[Input data — start]

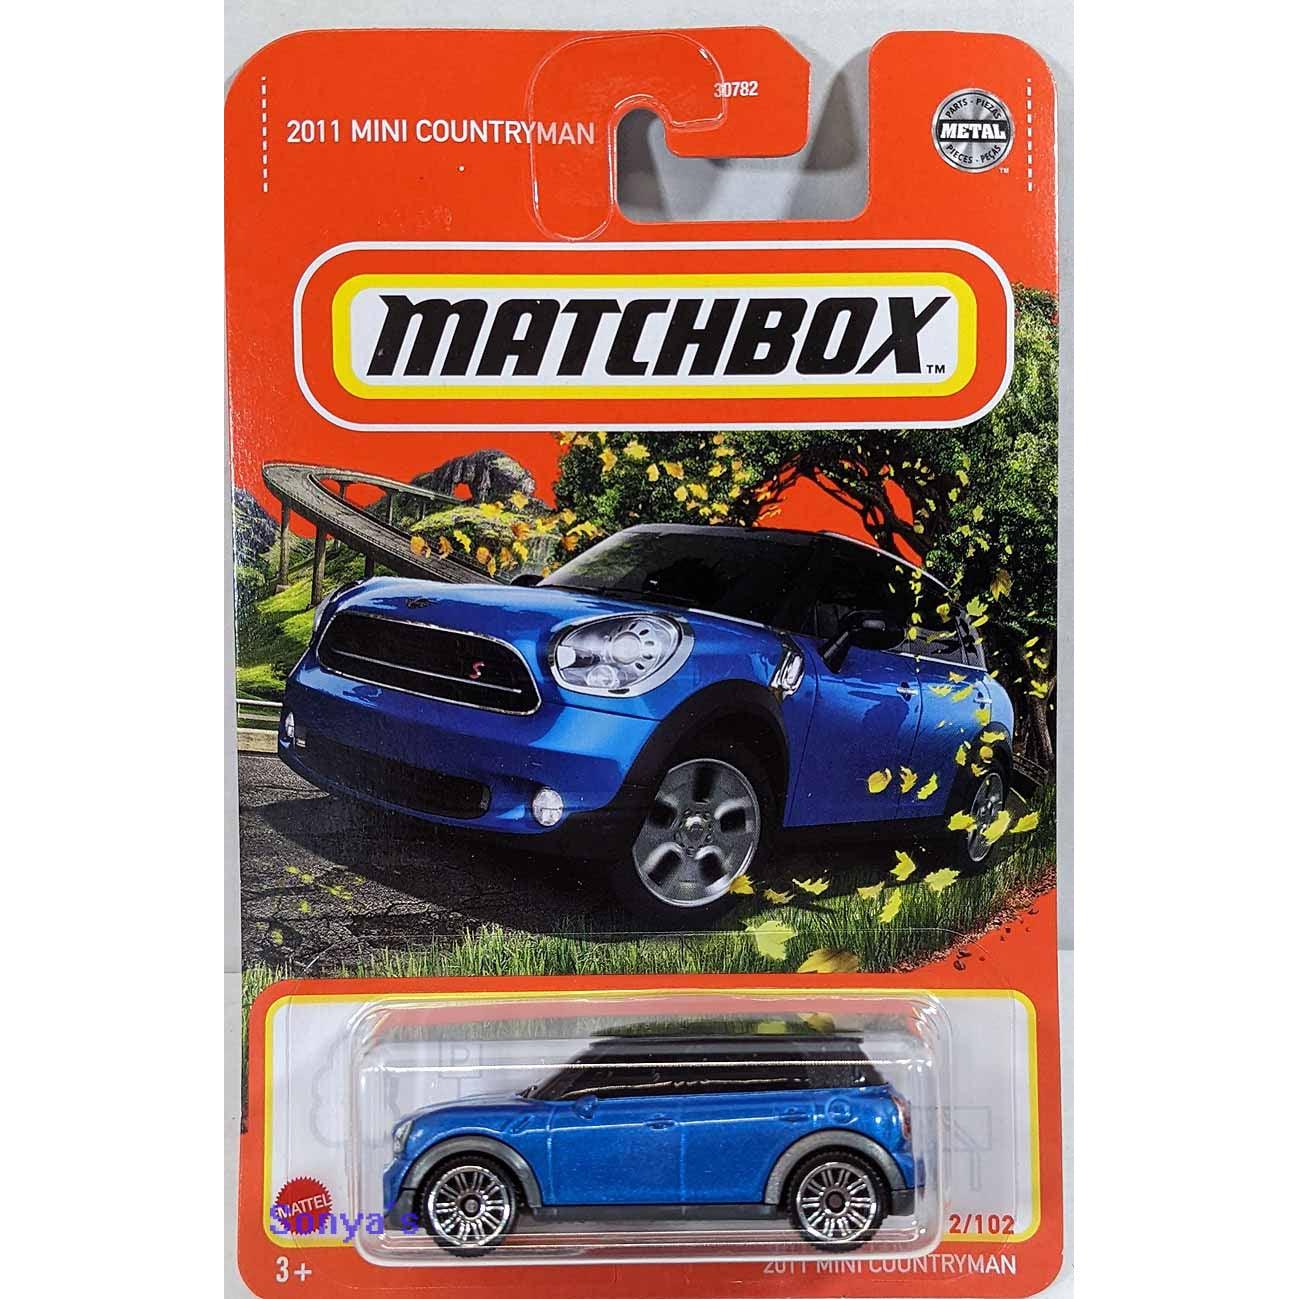 MatchBox Die Cast 1:64 Scale Vehicle - 2011 Mini CountryMan (Blue) - BumbleToys - 2-4 Years, 5-7 Years, Boys, Collectible Vehicles, MatchBox
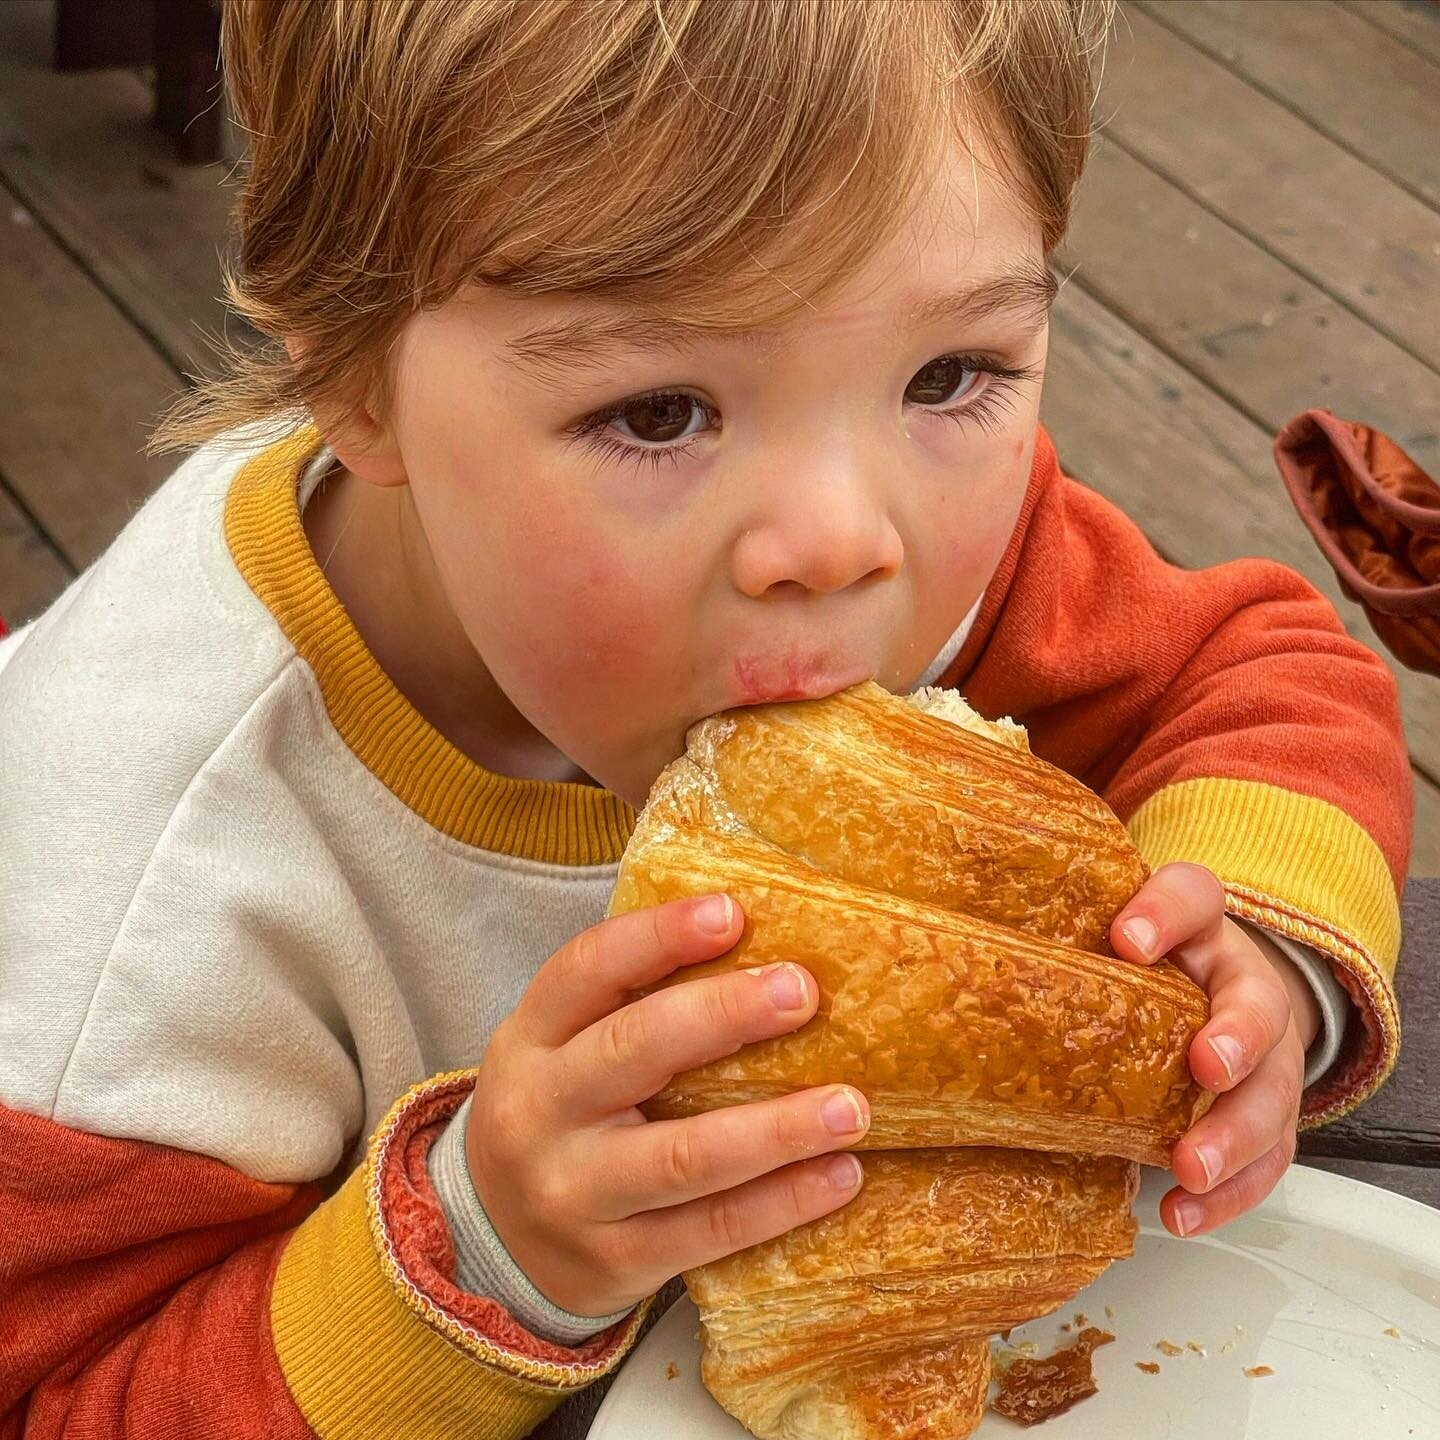 Cute customer of the day plus a croissant the size of his head&hellip; 🥐 #croissant #cutecustomer #pastrylove #bakerylife
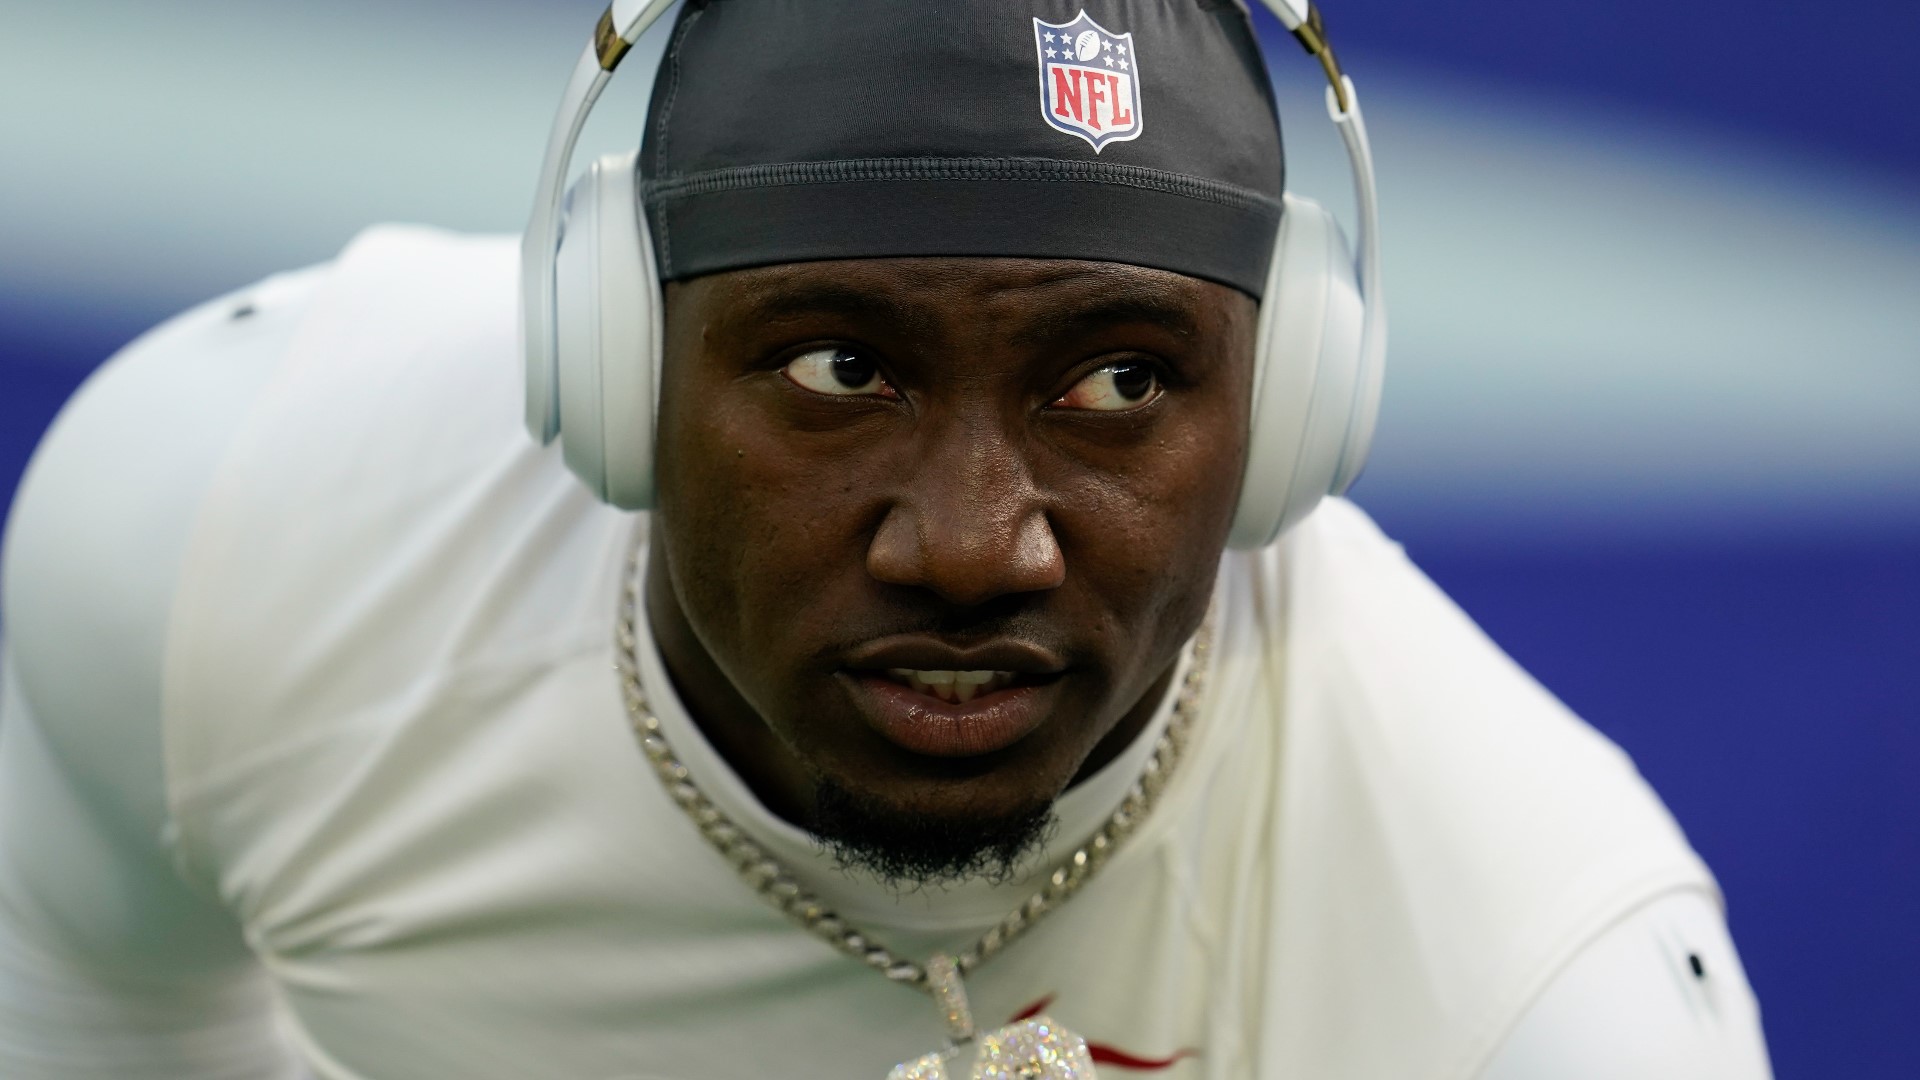 According to multiple reports, Deebo Samuel's extension is a 3 year deal worth up to $73 million, including $58 million in guarantees with the San Francisco 49ers.

[Input data — finish]

Required work ▸
When repeating the listing, keep each line exact and exclude the pictures.

Task response ▸
 MatchBox Die Cast 1:64 Scale Vehicle - 2011 Mini CountryMan (Blue) - BumbleToys - 2-4 Years, 5-7 Years, Boys, Collectible Vehicles, MatchBox
 Cute customer of the day plus a croissant the size of his head&hellip; 🥐 #croissant #cutecustomer #pastrylove #bakerylife
 According to multiple reports, Deebo Samuel's extension is a 3 year deal worth up to $73 million, including $58 million in guarantees with the San Francisco 49ers.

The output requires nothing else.